» AIM OF THE TASK:
Only the lines from the one that contains "New Zealand Fly Fishing T-Shirt" to the last line below, both included, should be transcribed. Pictures stay out of the copy.

» DATA SHOWN:
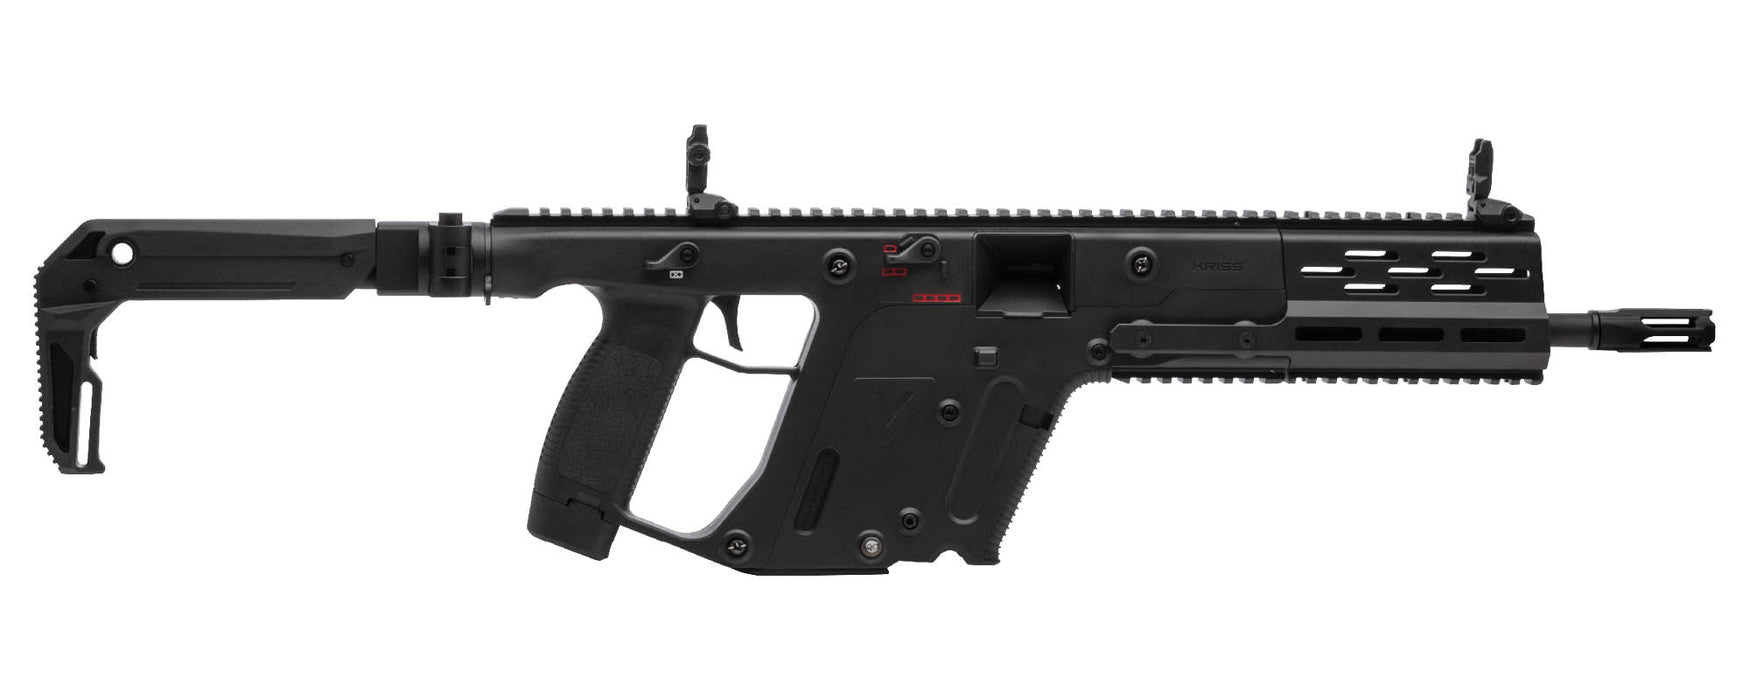 Krytac Kriss Vector Licensed Limited Edition AEG Airsoft Gun
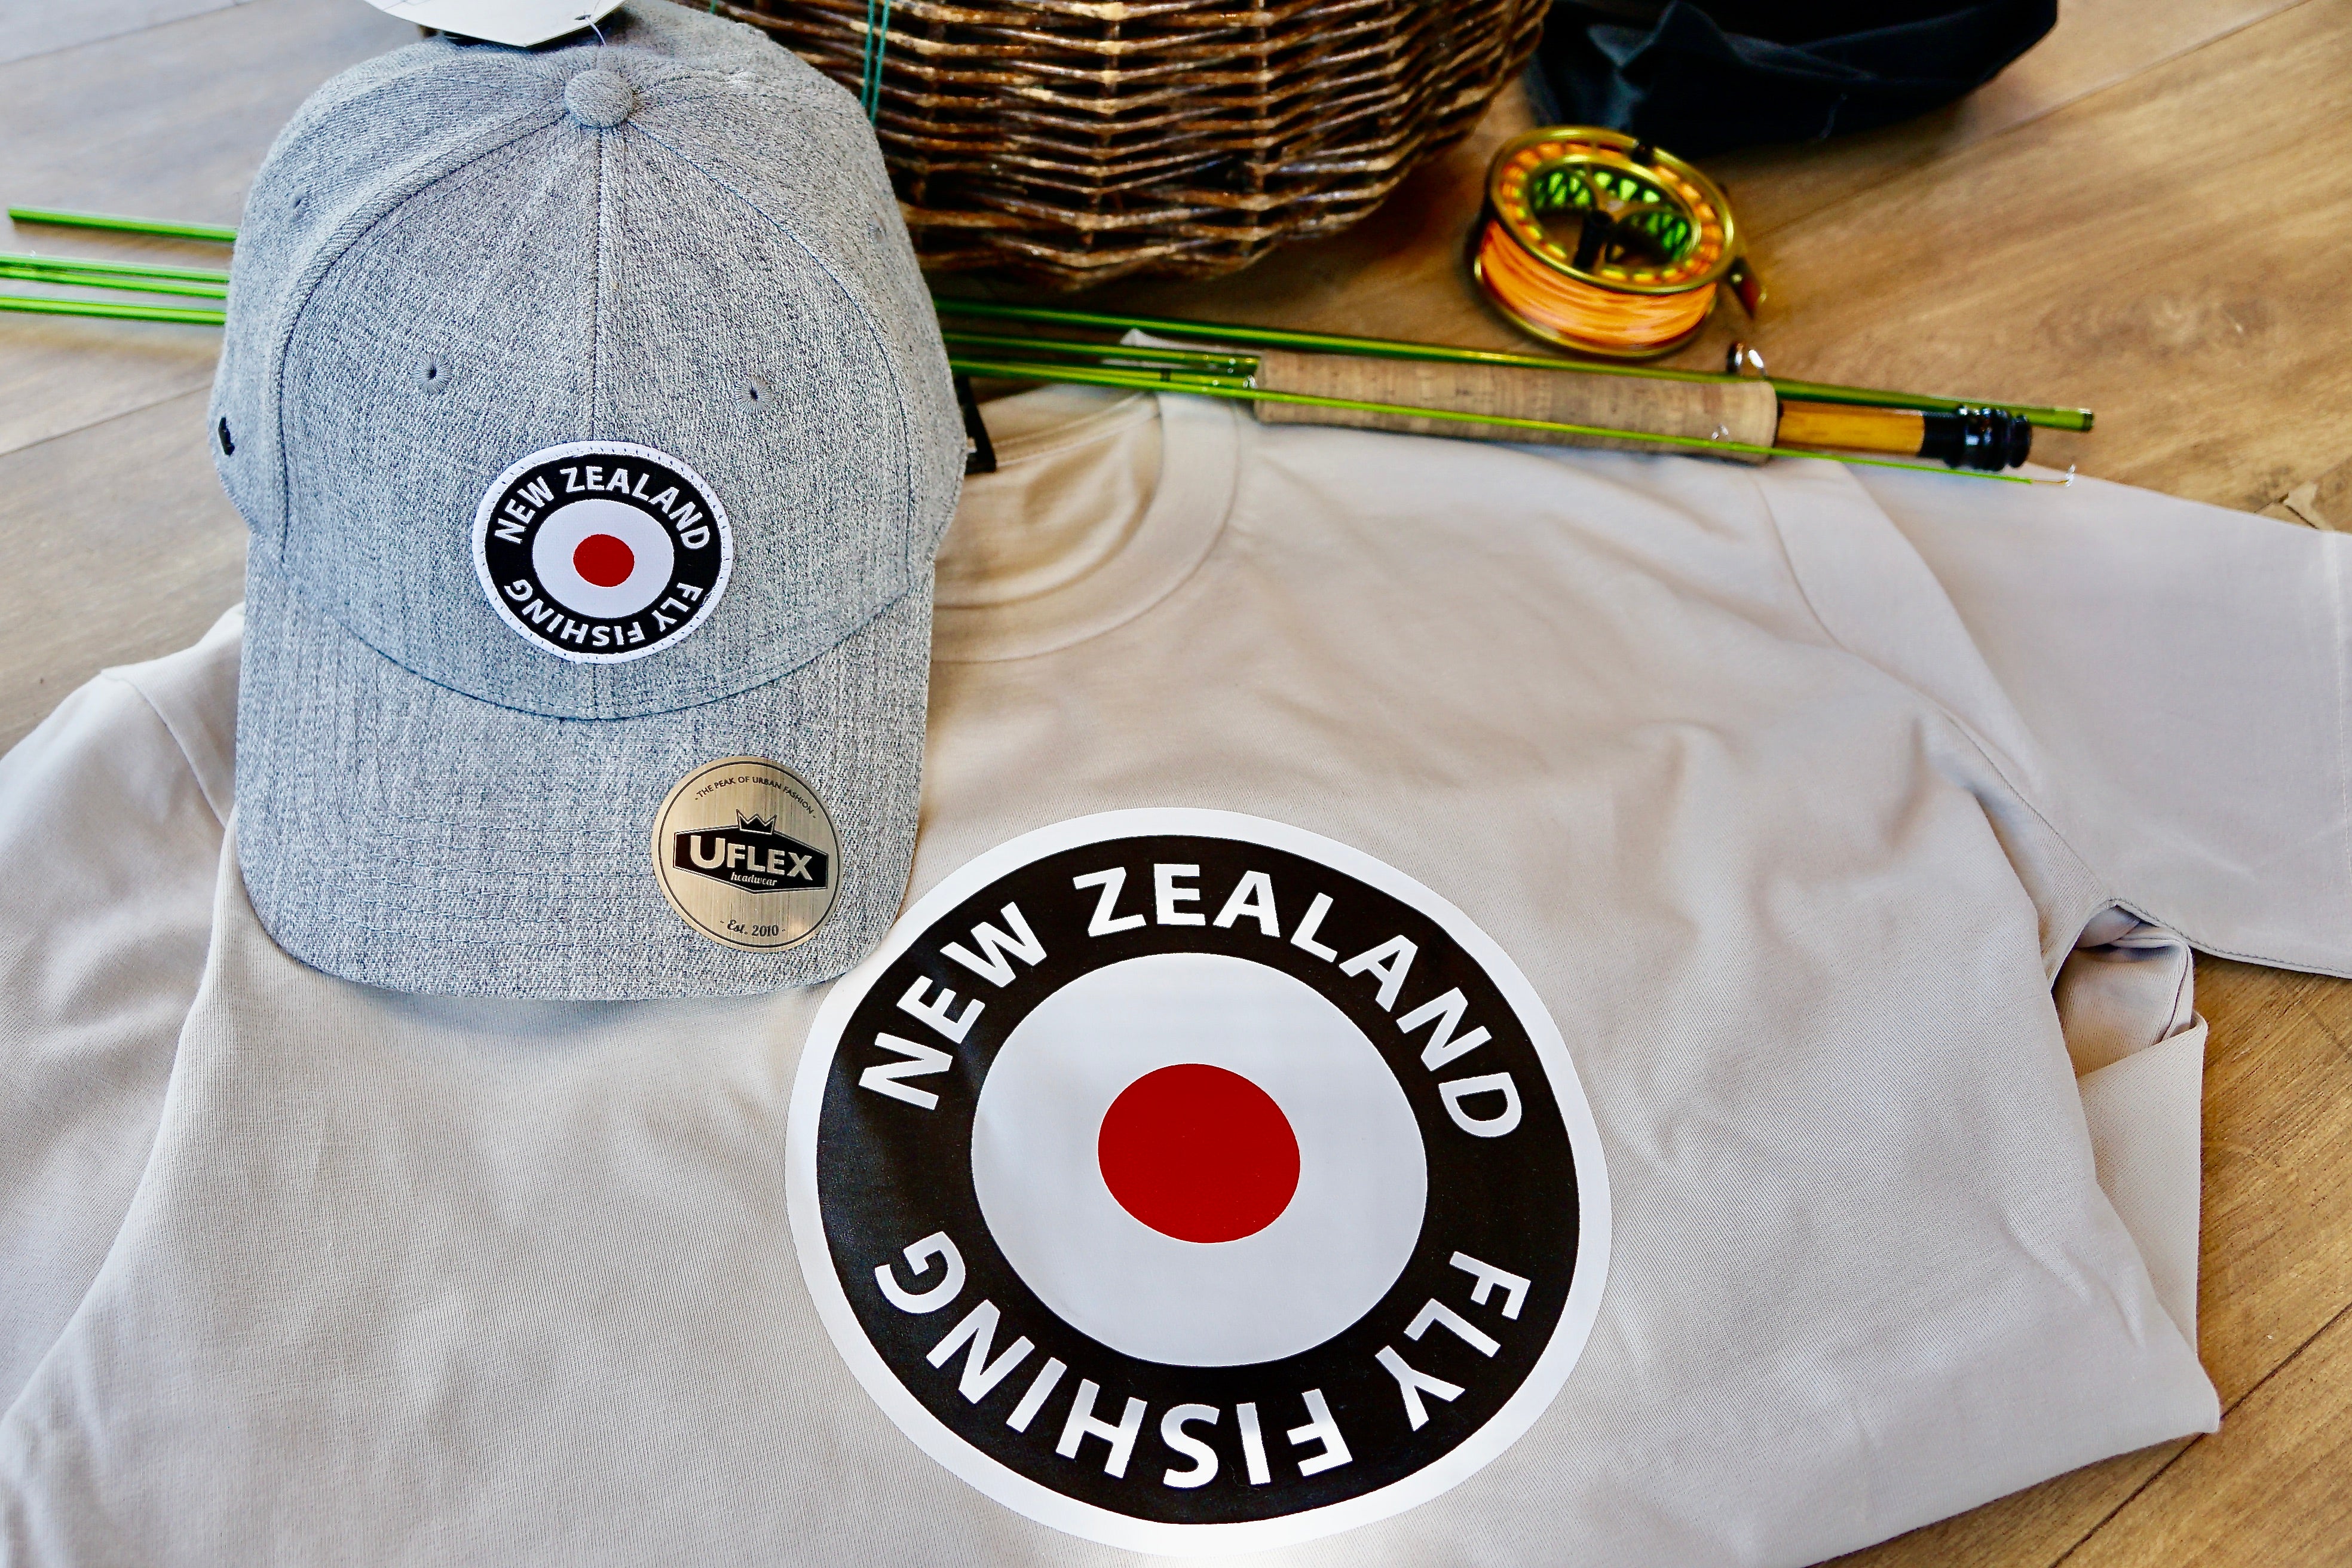 New Zealand Fly Fishing T-Shirt
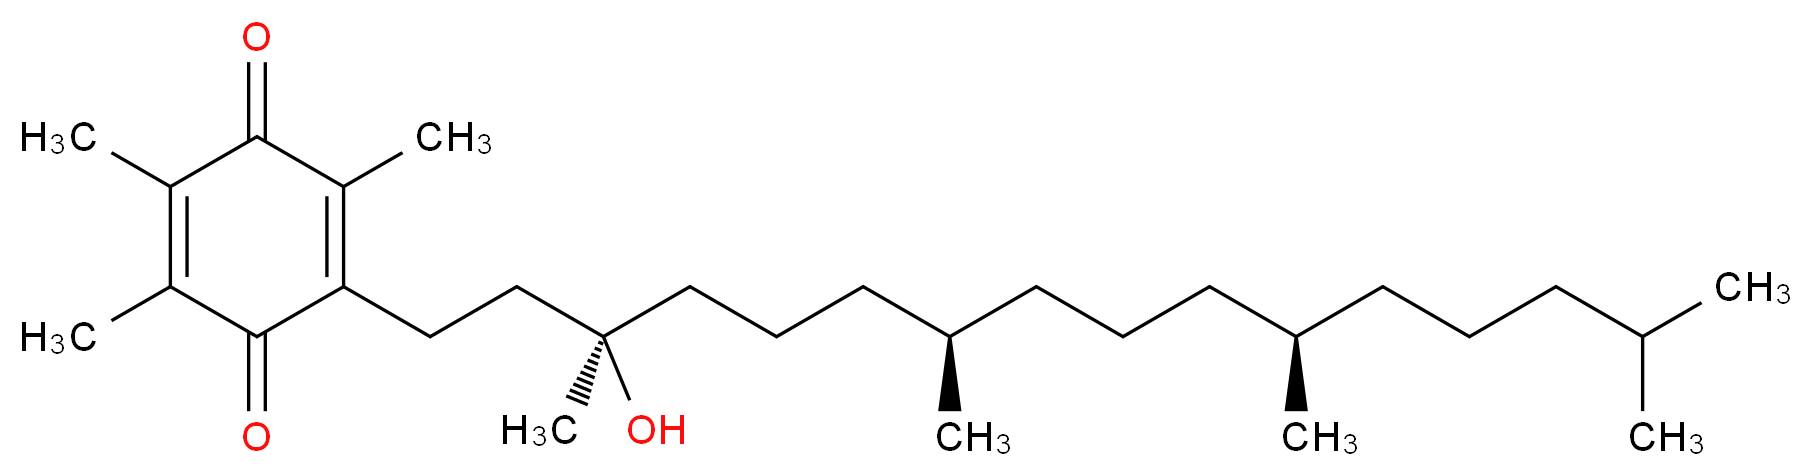 alpha-Tocopherolquinone_Molecular_structure_CAS_7559-04-8)
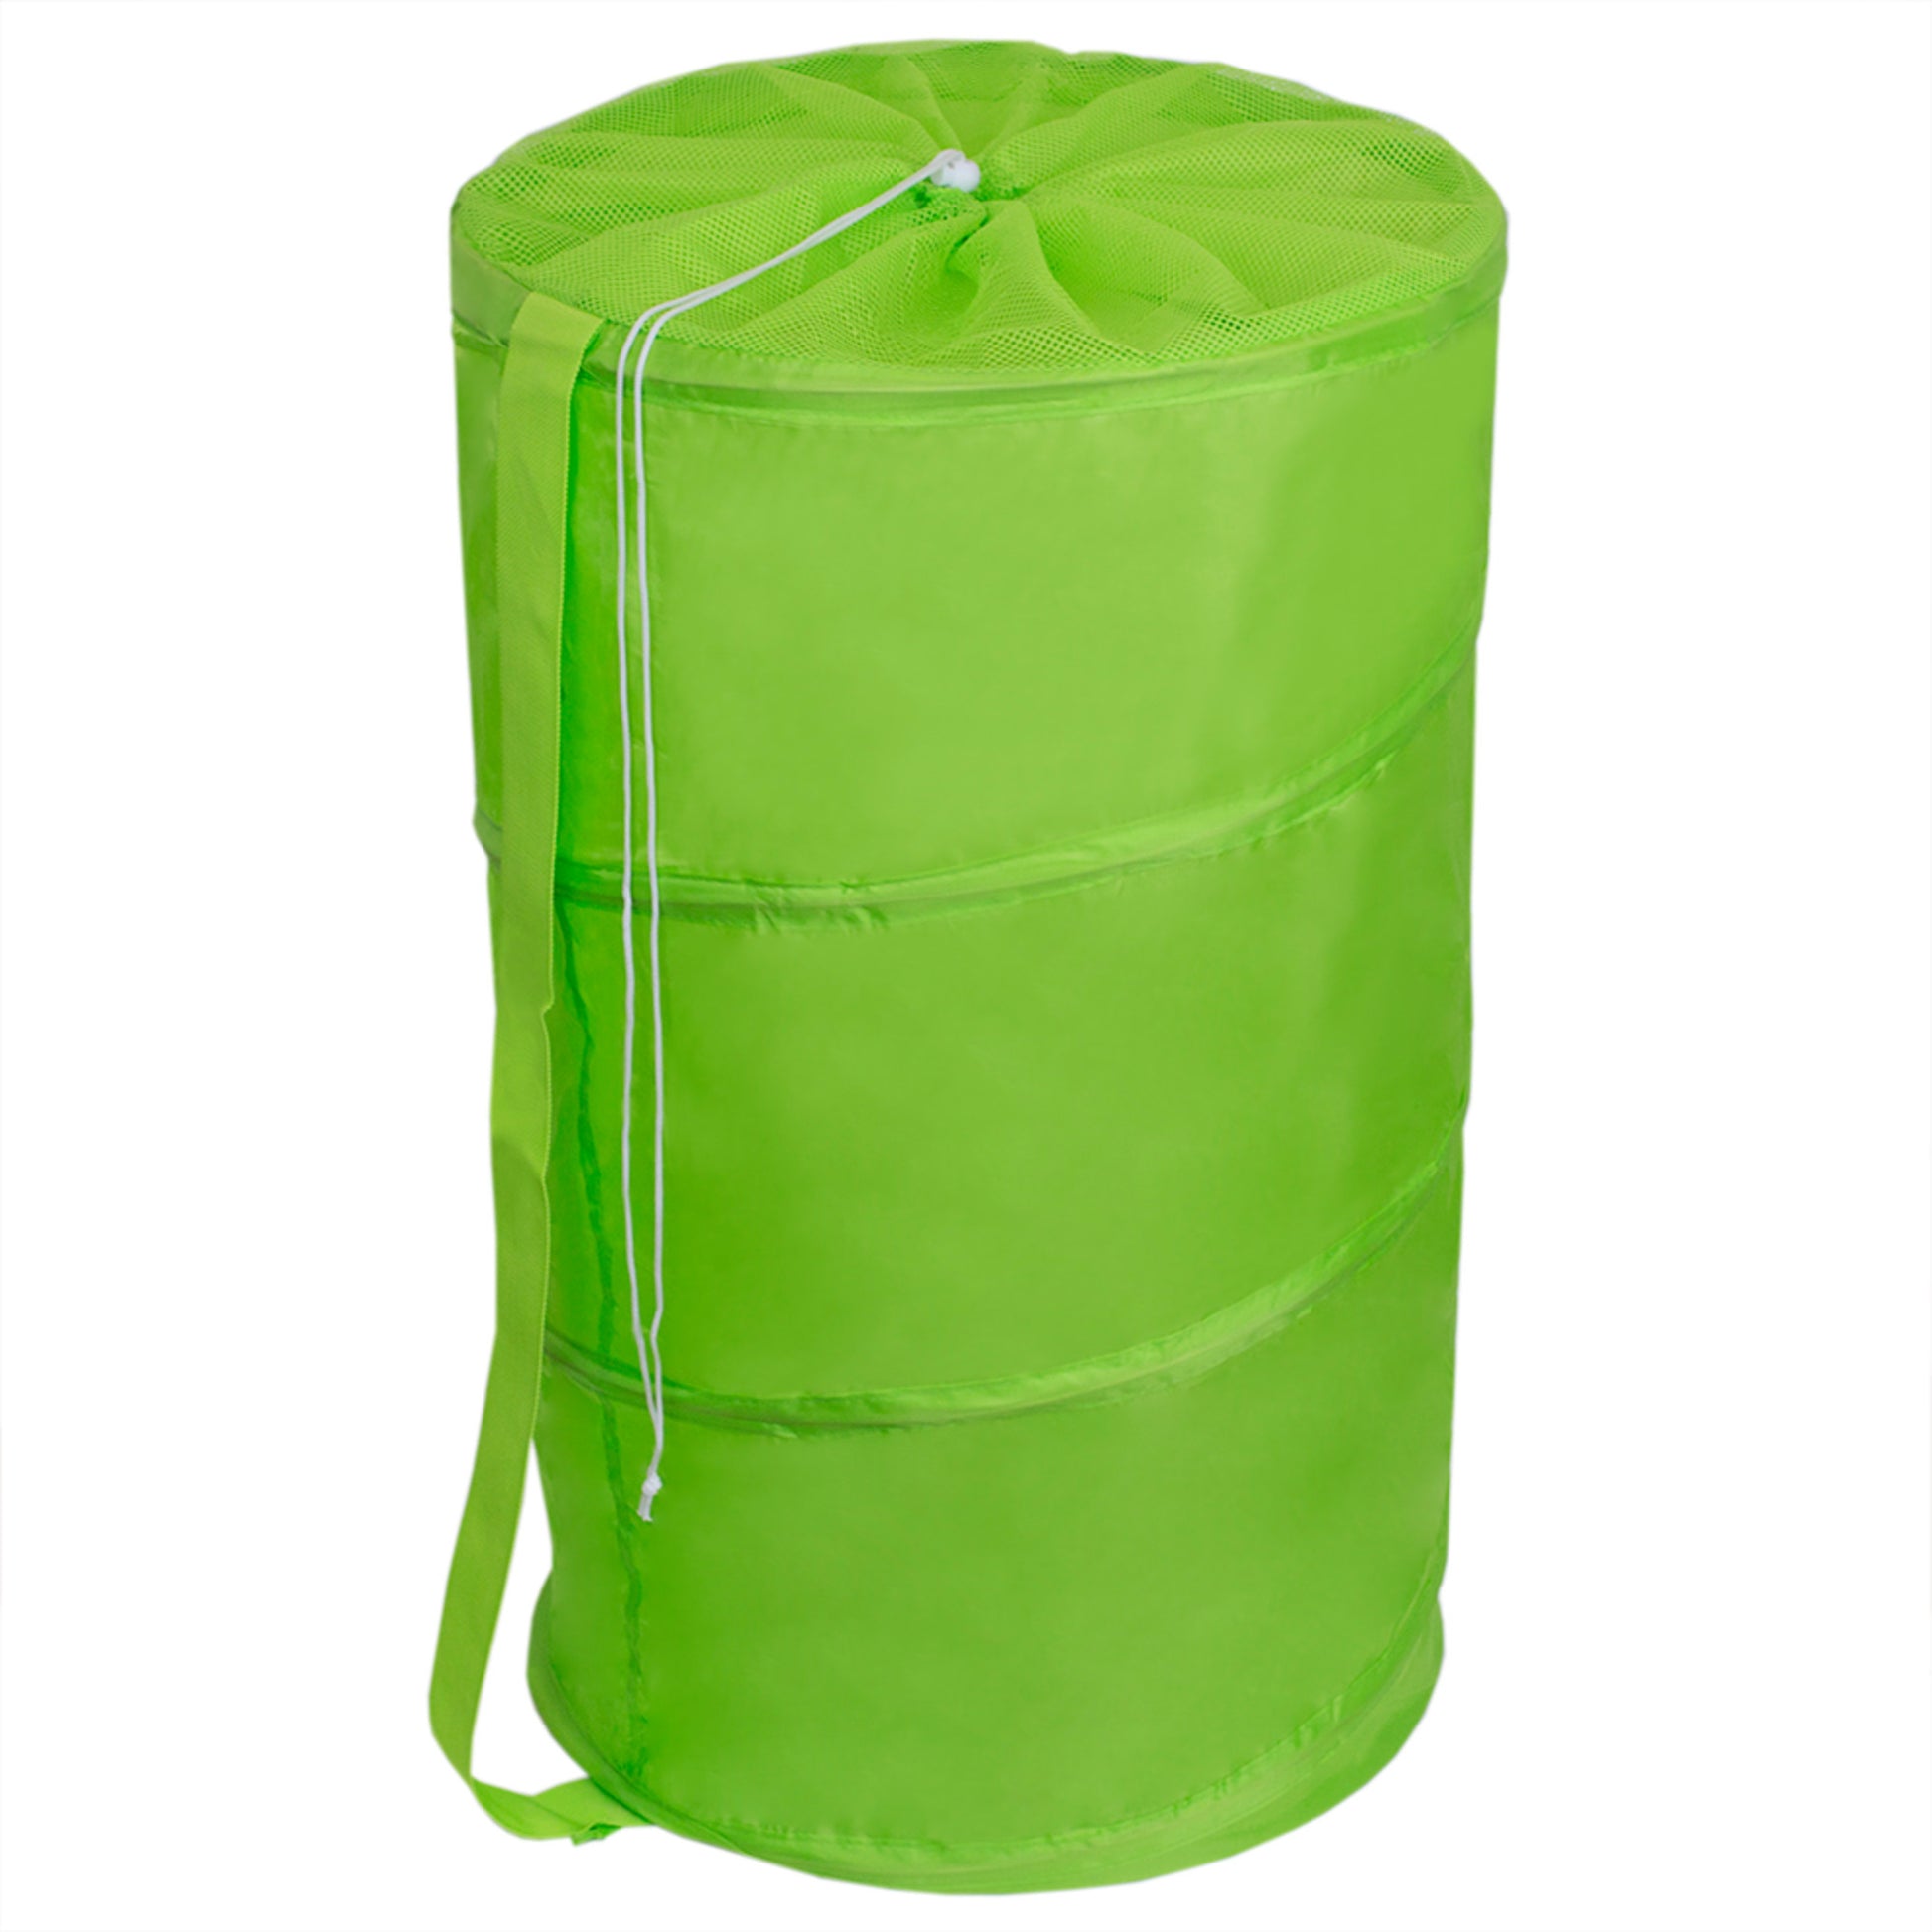 Home Basics Barrel Laundry Hamper, Green - Green

» RESULT:
 New Zealand Fly Fishing T-Shirt
 alpha-Tocopherolquinone_Molecular_structure_CAS_7559-04-8)
 Home Basics Barrel Laundry Hamper, Green - Green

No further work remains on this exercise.